Why Node.js Is Fast Despite Being Single-Threaded
Node.js "single thread + event loop":
Core idea:
1. I/O consumes 99% of the time (DB, API, disk)
2. While waiting on I/O, the main thread handles other requests
3. Context switching cost is nearly zero — there is only one thread
The "one thread per request" model (e.g., Apache): 10,000 requests = 10,000 threads = context switching explosion + memory explosion.
Node model: 10,000 requests = 1 main thread + 4–8 worker threads + event queue. Incomparably more efficient.
Summary — Connecting to Vibe Coding
- ▸fetch / file read = syscall → expensive → minimize (batching, caching)
- ▸Node.js / async/await = event-driven → excels at I/O-heavy servers
- ▸CPU-intensive work → Worker Thread → don't block the main event loop
If you are asked in an interview "Why is Node.js fast?" — recite the contents of this page and you will pass.
🤖 Try Asking AI Like This
Knowing the concepts in this lesson lets you give AI specific instructions. Instead of a vague "fix this," you make vocabulary-driven requests — that is the starting point of saving tokens.

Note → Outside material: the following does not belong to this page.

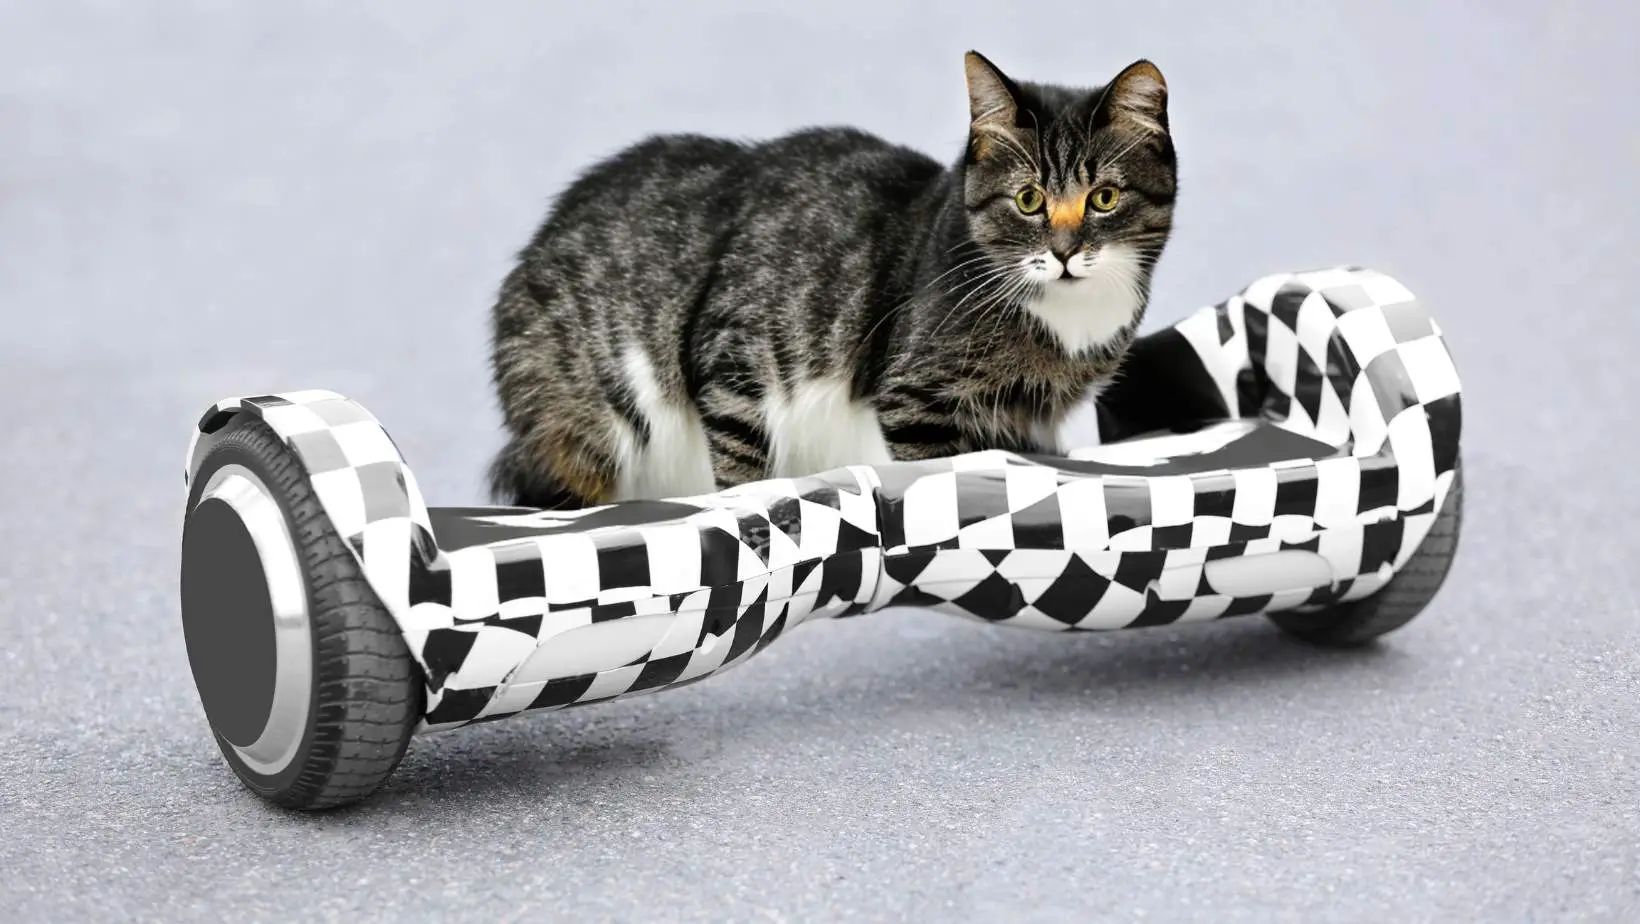 How to Get the Cat Hoverboard?
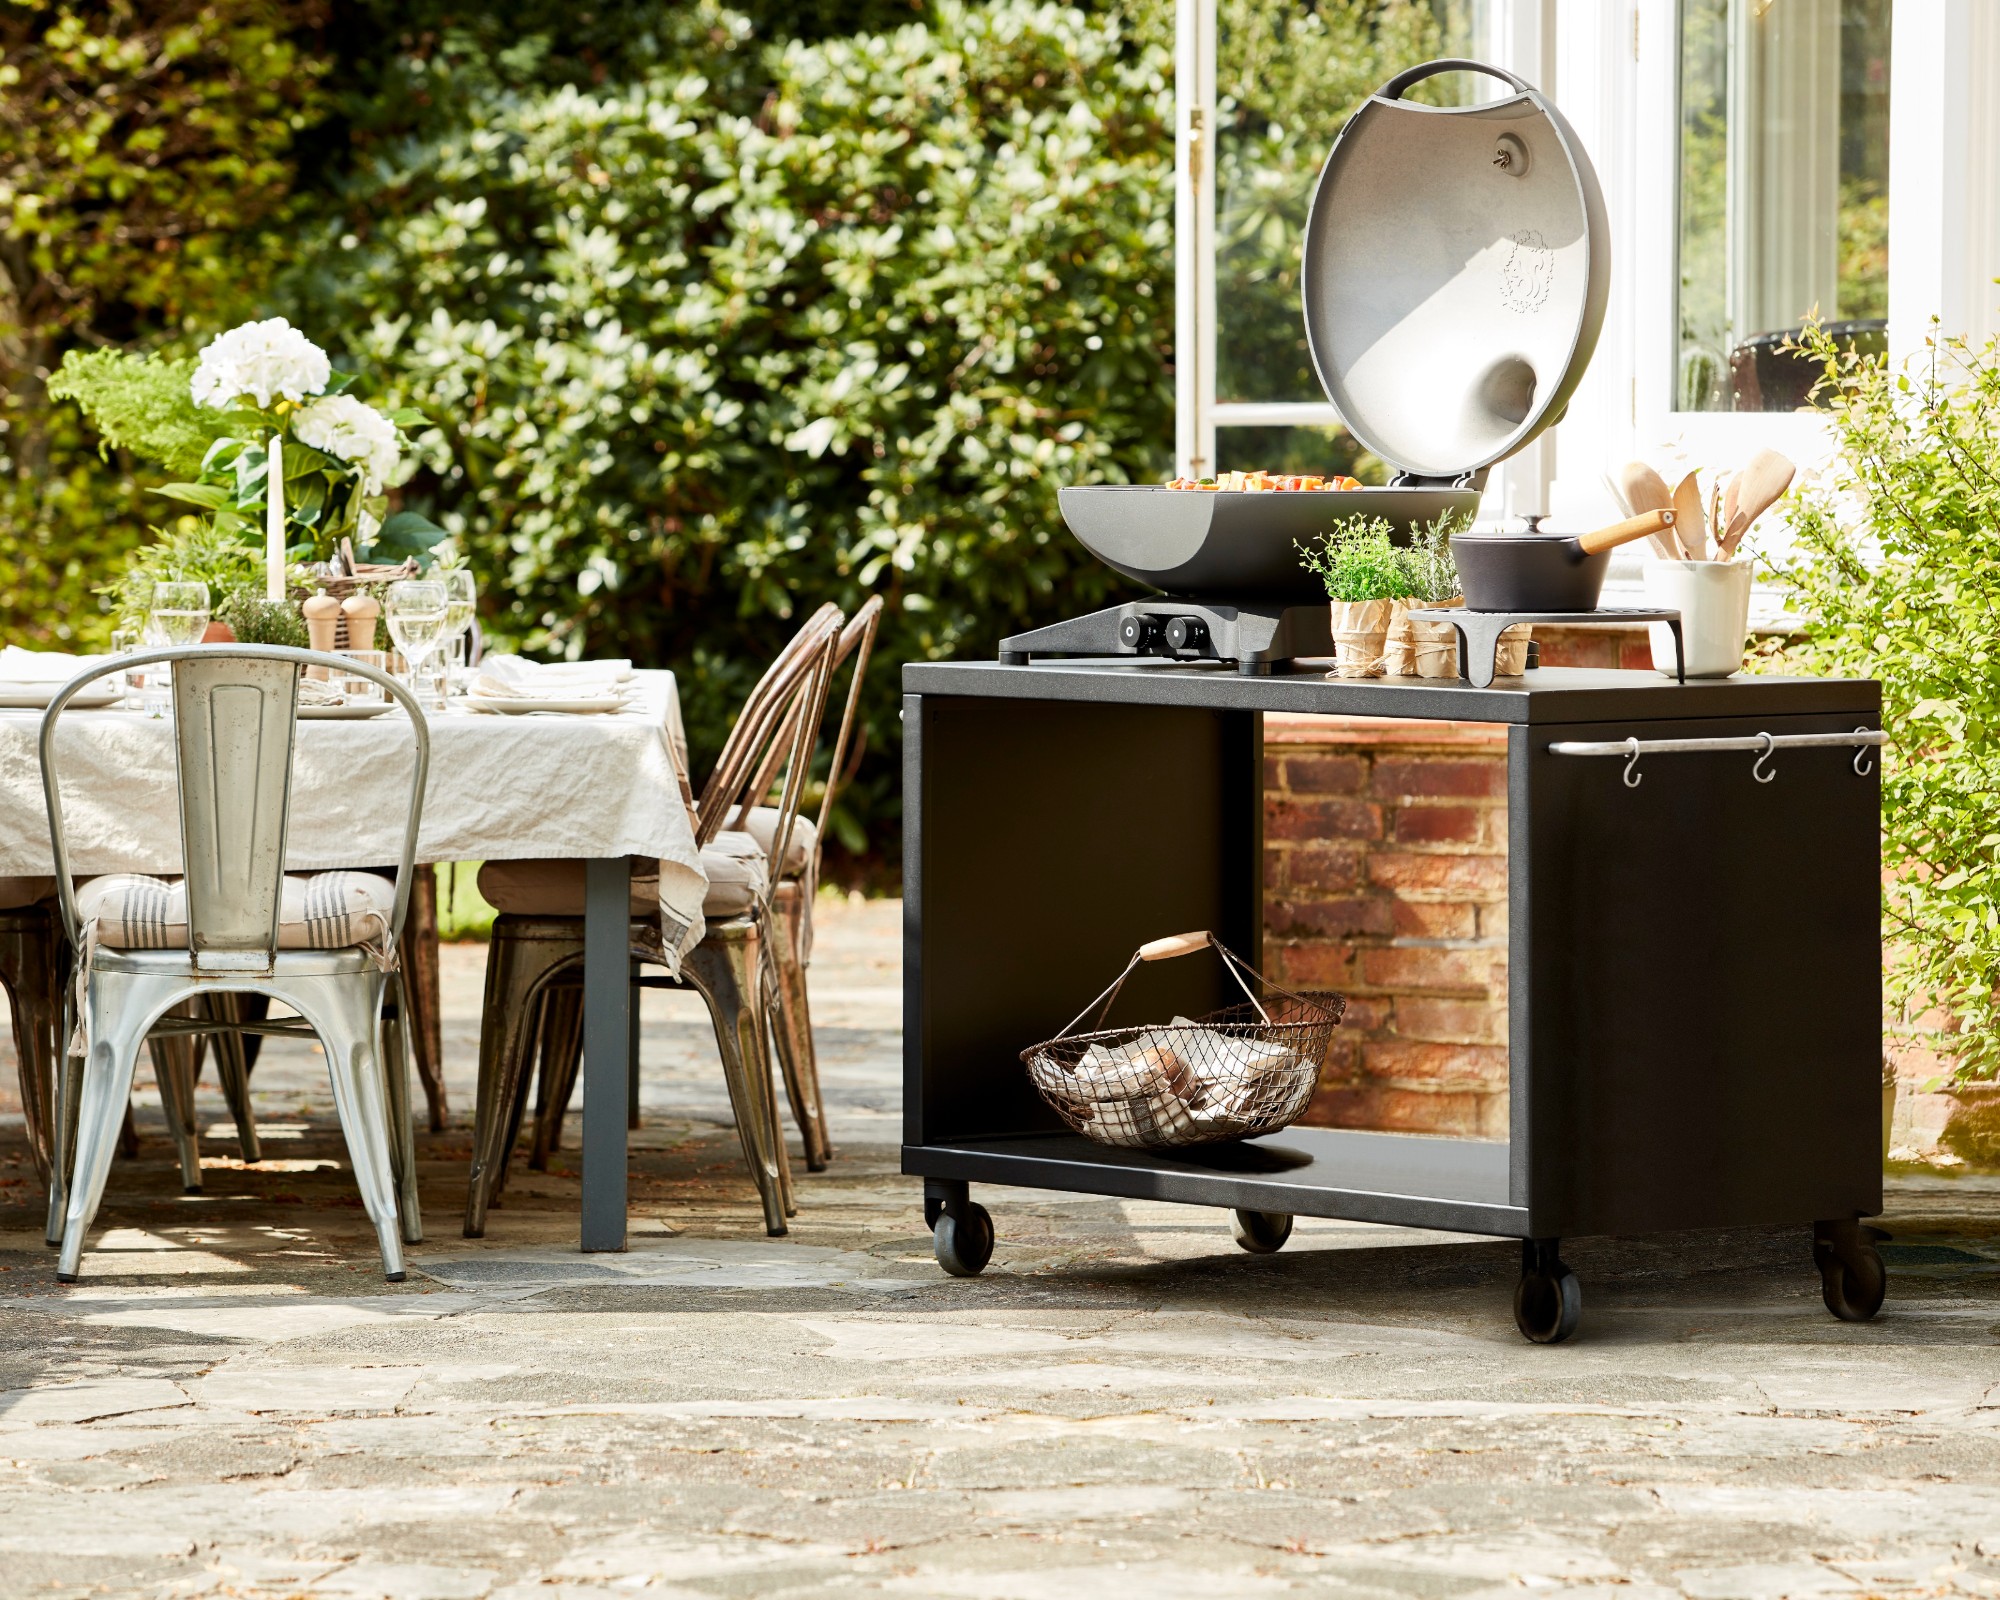 20 outdoor kitchen ideas – enviable and inspiring designs for your ...

- ▸"Show me the command to trace syscalls for this operation using strace (Linux)"
- ▸"Diagnose whether this code incurs high cost in user space or kernel space"
Why This Reduces Tokens
When you don't know the concepts, even after receiving an AI answer you have to ask "What does that mean?" again. That follow-up question eats up tokens. Learn the concept once, and the conversation ends in a single exchange.